INSTRUCTIONS TO FOLLOW
Lines before the one containing "Melting Point Sci-fi" are not copied; that line and every one after it, through the end of the material below, are printed exactly, without pictures.

SUPPLIED INFORMATION
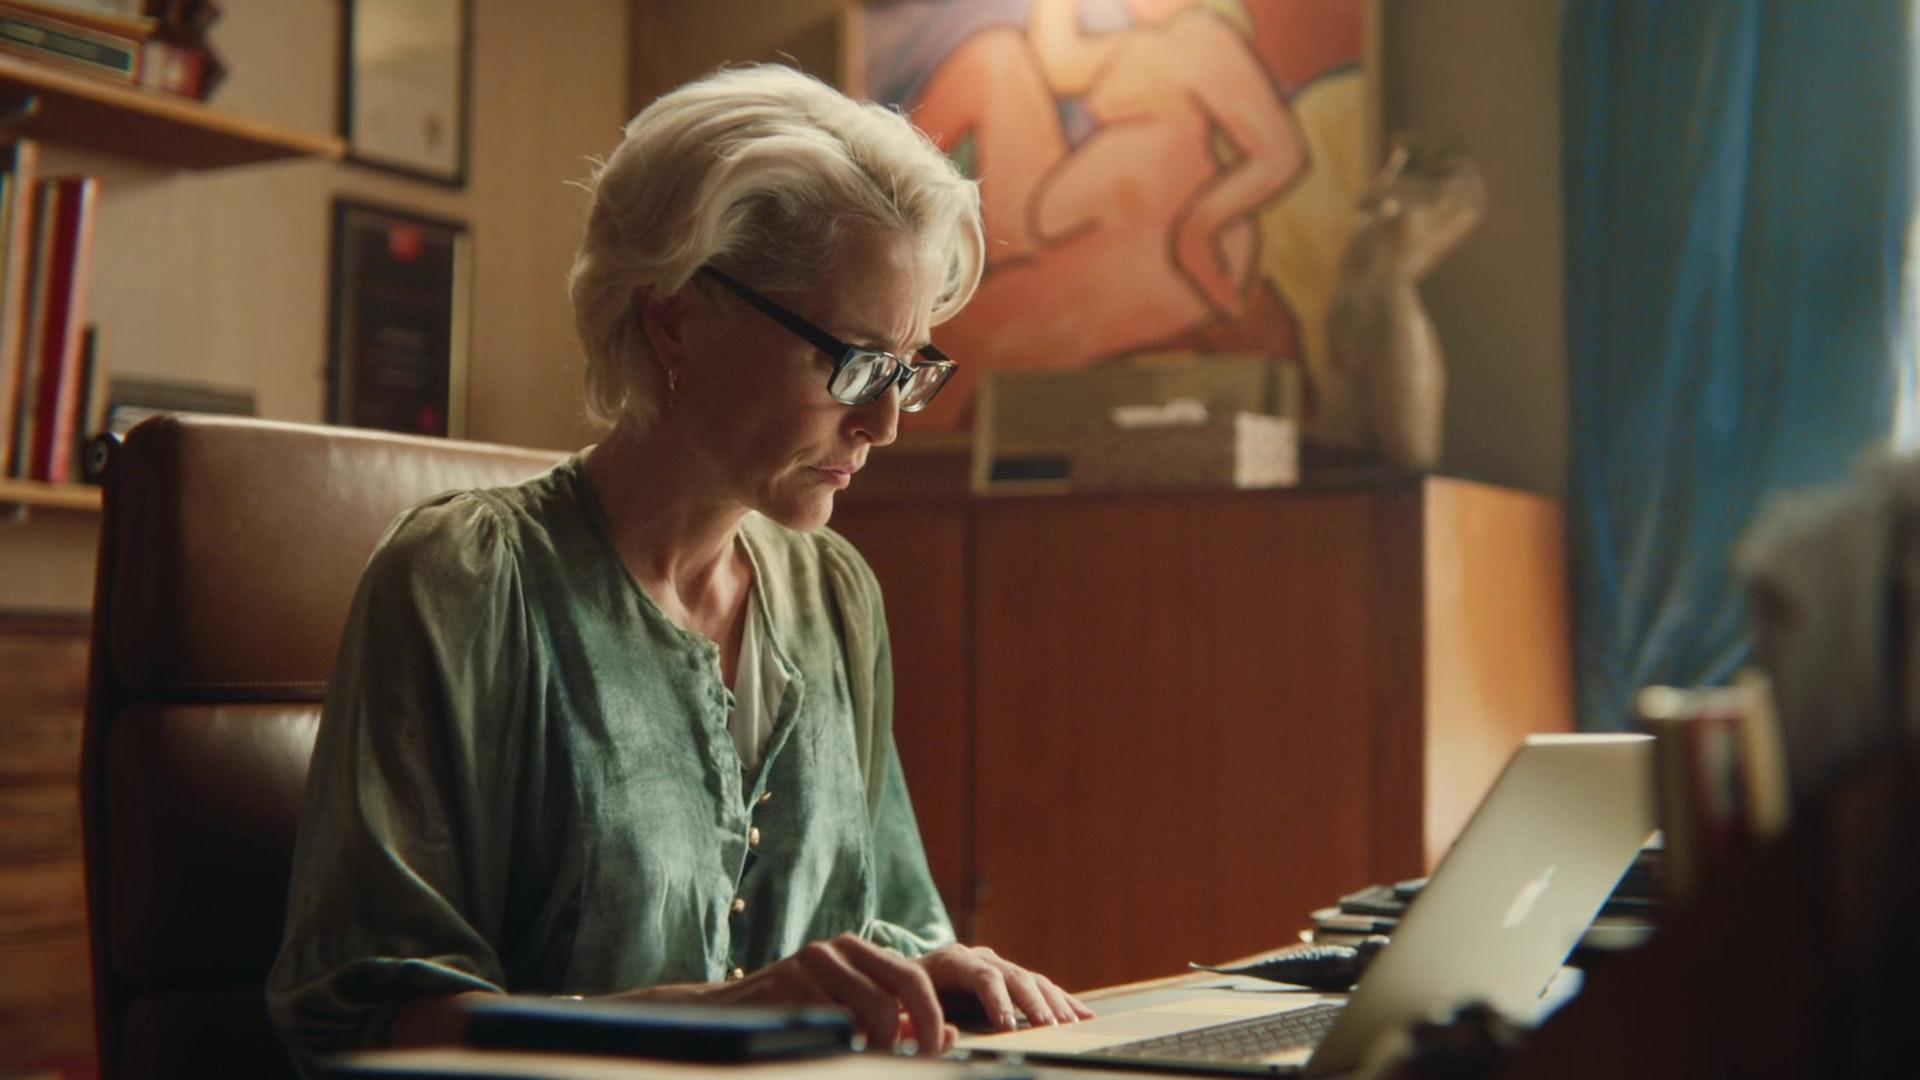 Apple-MacBook-Laptop-Used-by-Gillian-Anderson-as-Dr-Jean-F.-Milburn-in-Sex-Education-1
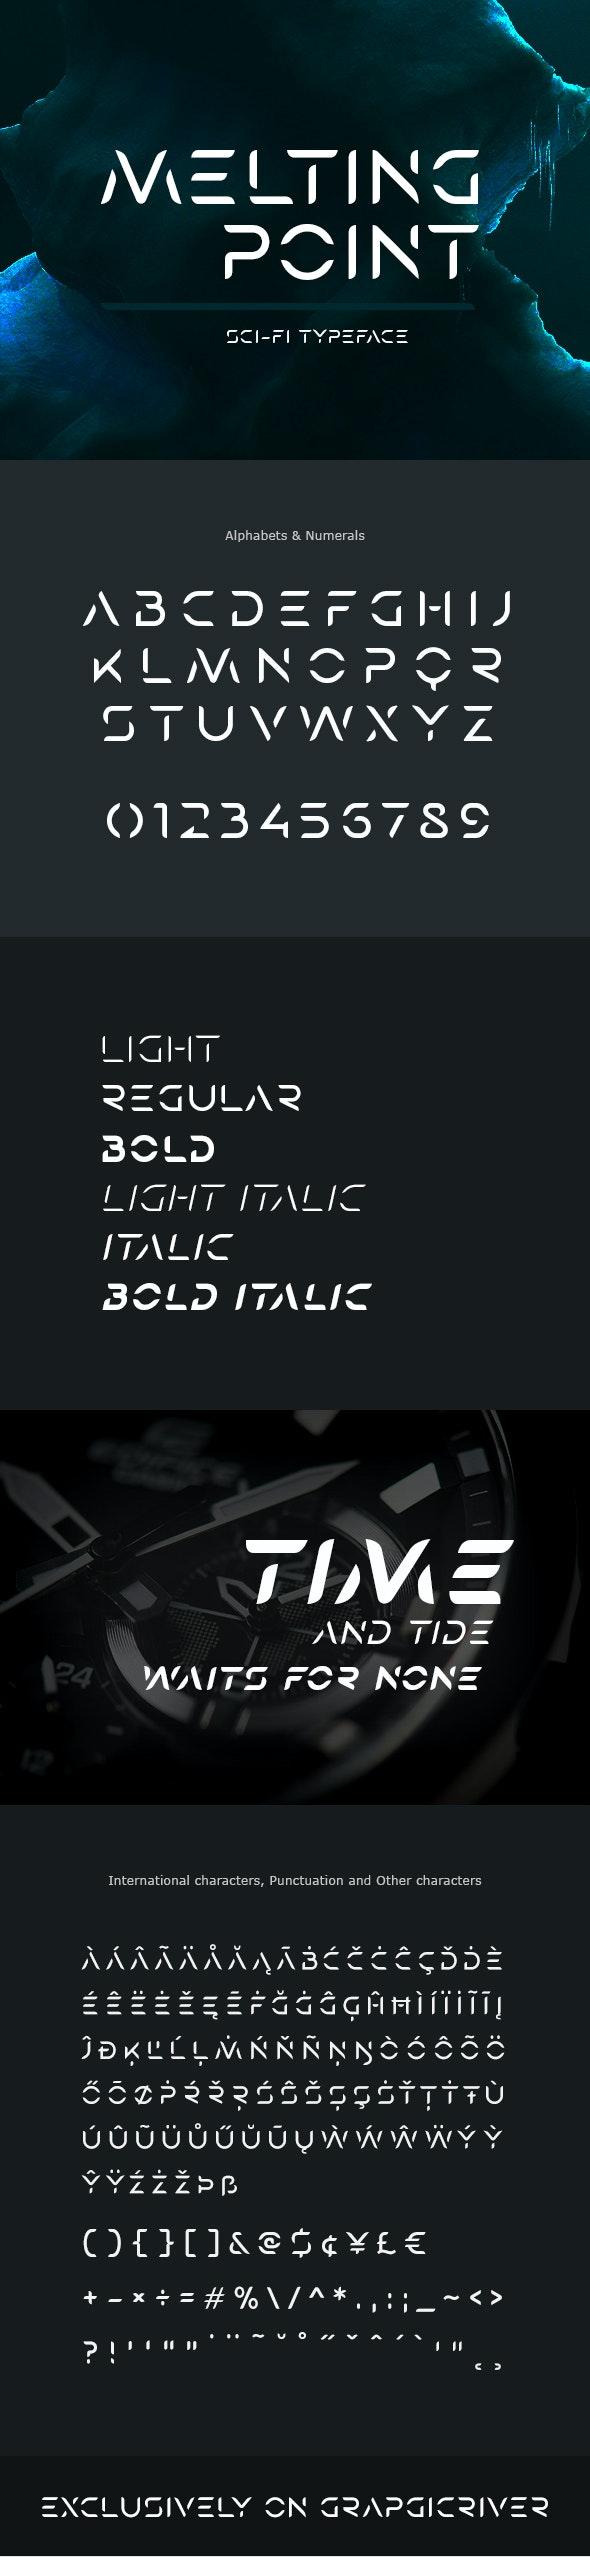 Melting Point Sci-fi Font - Futuristic Decorative
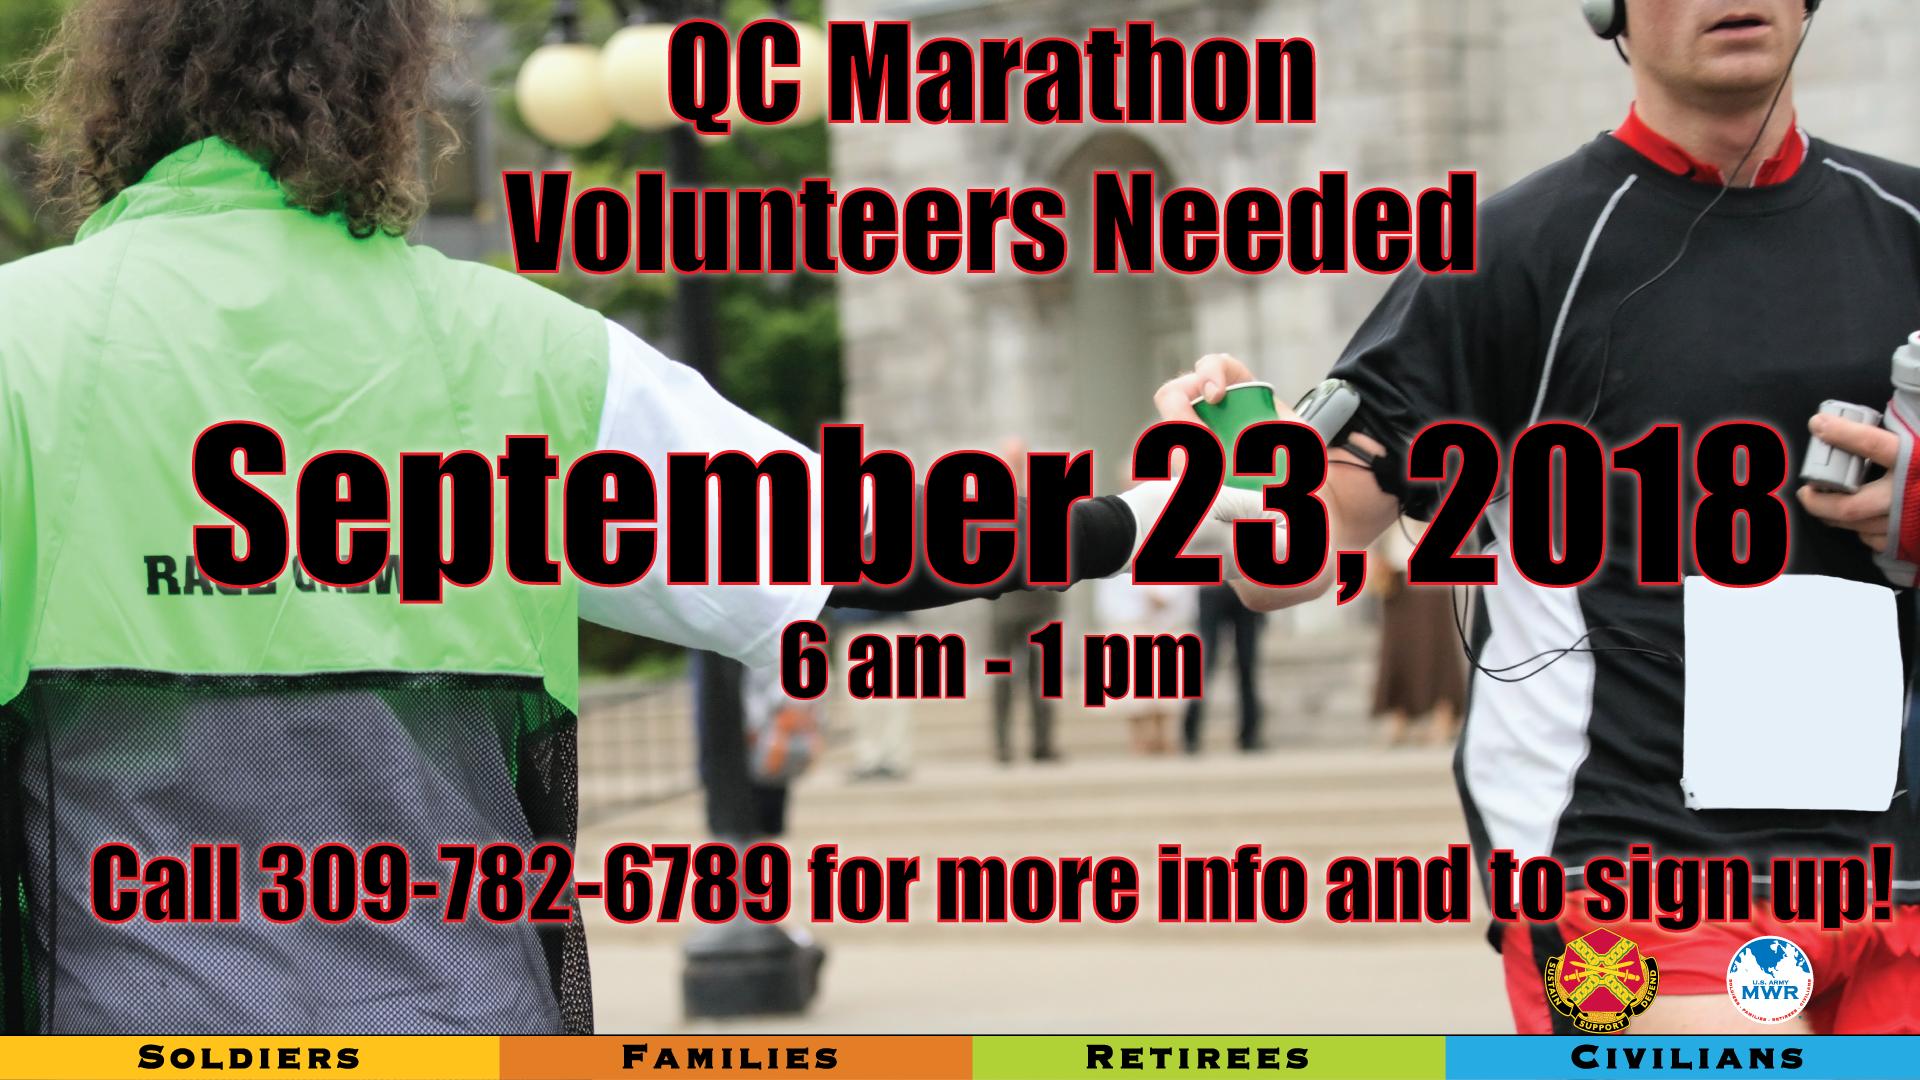 QC Marathon Volunteers Needed

SOLUTION TO THE PROBLEM
 Melting Point Sci-fi Font - Futuristic Decorative
 QC Marathon Volunteers Needed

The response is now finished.